If the answer to any of these is doubtful, the court should cure the defect before judgment by recalling witnesses, summoning the expert, directing production of material exhibits, or conducting a supplementary Section 313 examination.

The article’s central proposition

The legal position emerging from the judgment may be stated with clarity: a Chemical Analyser or FSL report of a Government Scientific Expert is formally receivable under Section 293 CrPC without formal proof, but its reliability and probative value depend on proof of the foundational facts connecting the report to the seized or collected material, and the report cannot be fairly used against the accused unless its incriminating contents are put to him under Section 313 CrPC.

Where the source articles are not proved, the collection or seizure is not established, the field report is not exhibited, or the accused is denied the opportunity to answer the report, reliance on such scientific evidence becomes unsafe and may vitiate the trial.

Final word

The great strength of forensic science is precision.

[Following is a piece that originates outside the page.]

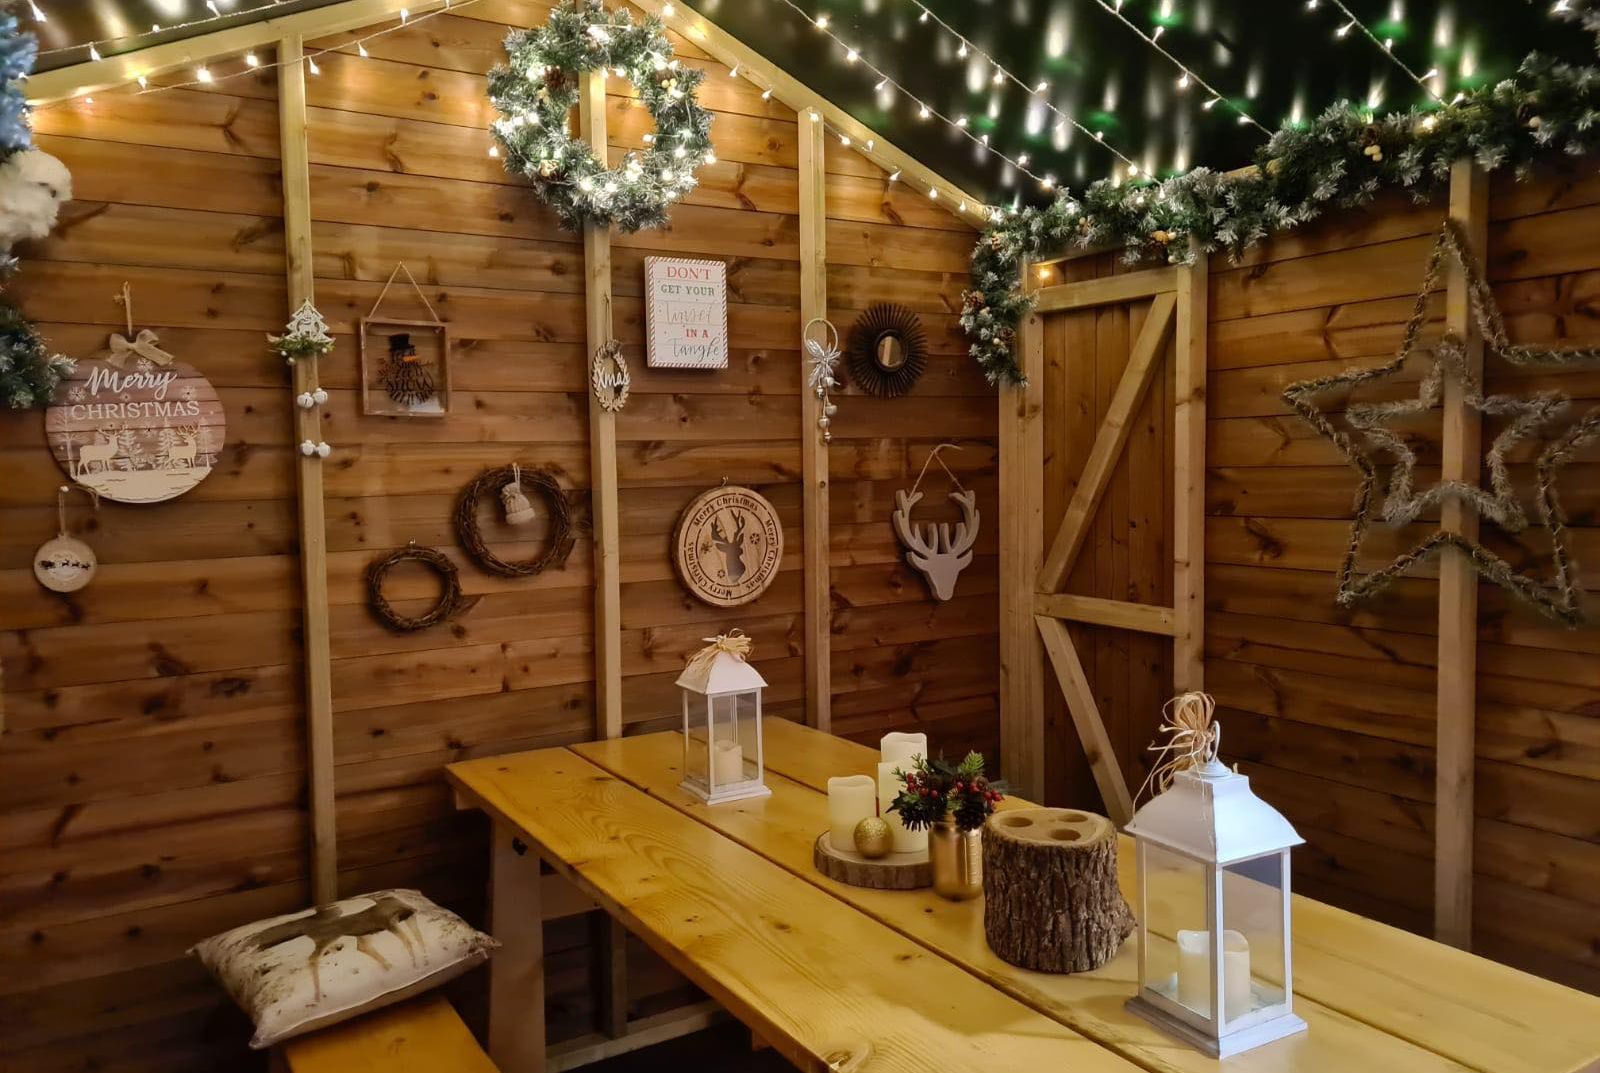 A Christmas Chalet at Southport Market, which has been decorated by Fantasy Weddings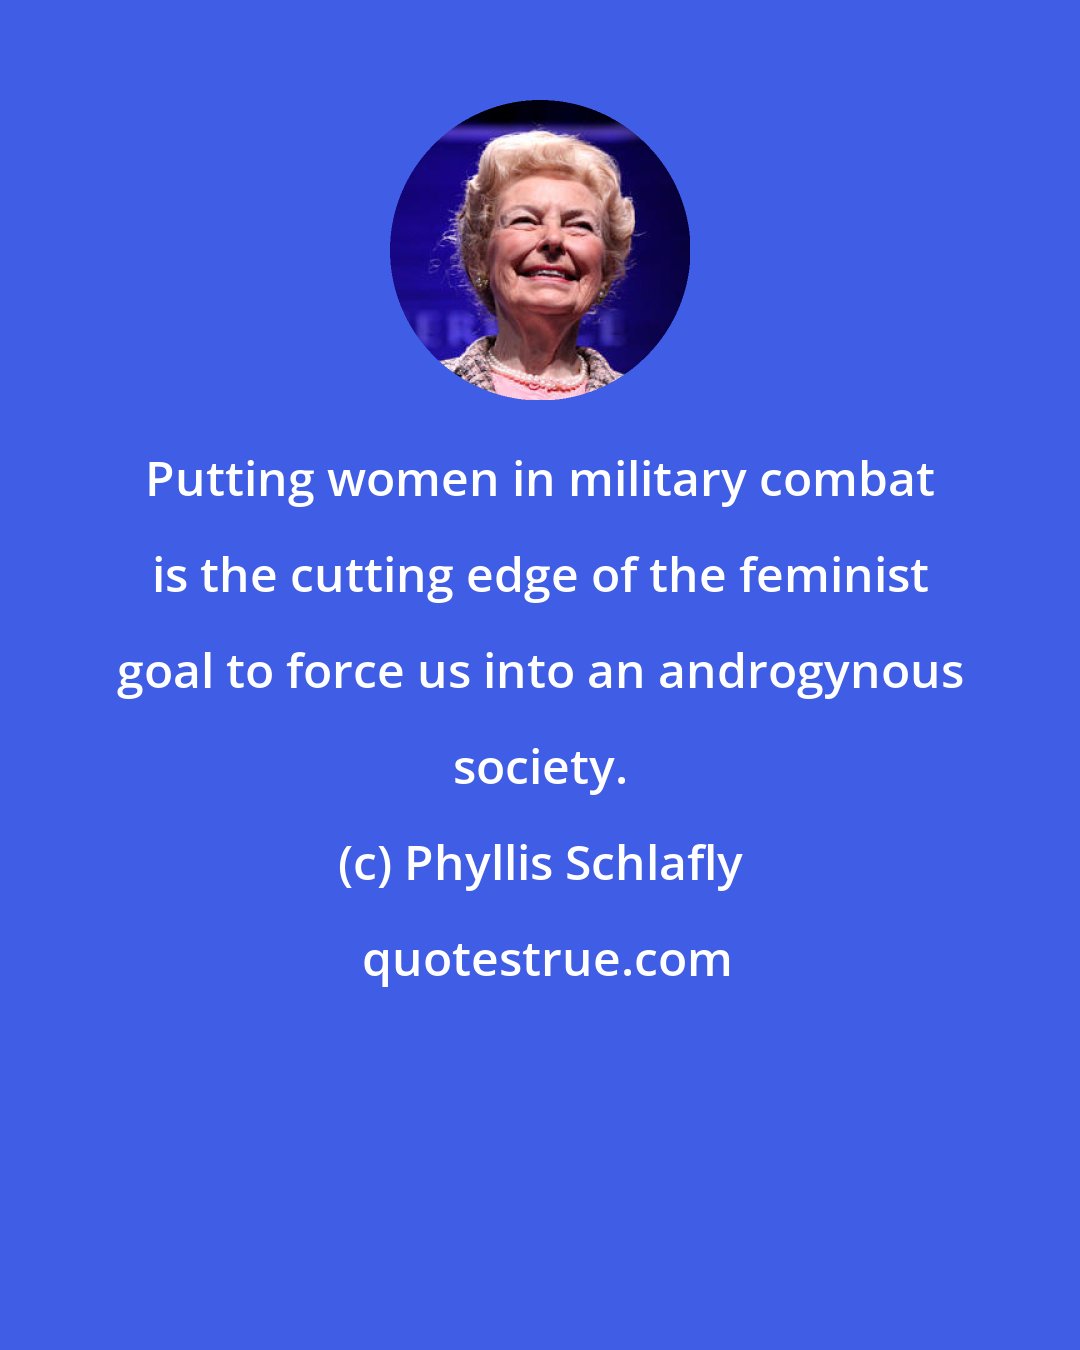 Phyllis Schlafly: Putting women in military combat is the cutting edge of the feminist goal to force us into an androgynous society.

The great strength of criminal law is fairness. A Sessions trial remains just only when both work together. The lesson of Najeeruddin is therefore simple but profound: an FSL report is not a shortcut to conviction. It is only one piece of evidence, and like every other incriminating circumstance, it must be legally connected, properly proved, and fairly put to the accused before it can be used to sustain guilt.

For courts conducting serious criminal trials, that approach does not weaken the prosecution. On the contrary, it protects the integrity of conviction by ensuring that scientific evidence rests on tested legal foundations rather than assumption.

Optional short blurb

A forensic report may be admissible under Section 293 CrPC, but a Sessions Court cannot safely rely on it unless the prosecution proves the source articles, the chain of custody, and the accused is confronted with the incriminating contents under Section 313 CrPC. That is the lasting lesson of Najeeruddin v. State of U.P.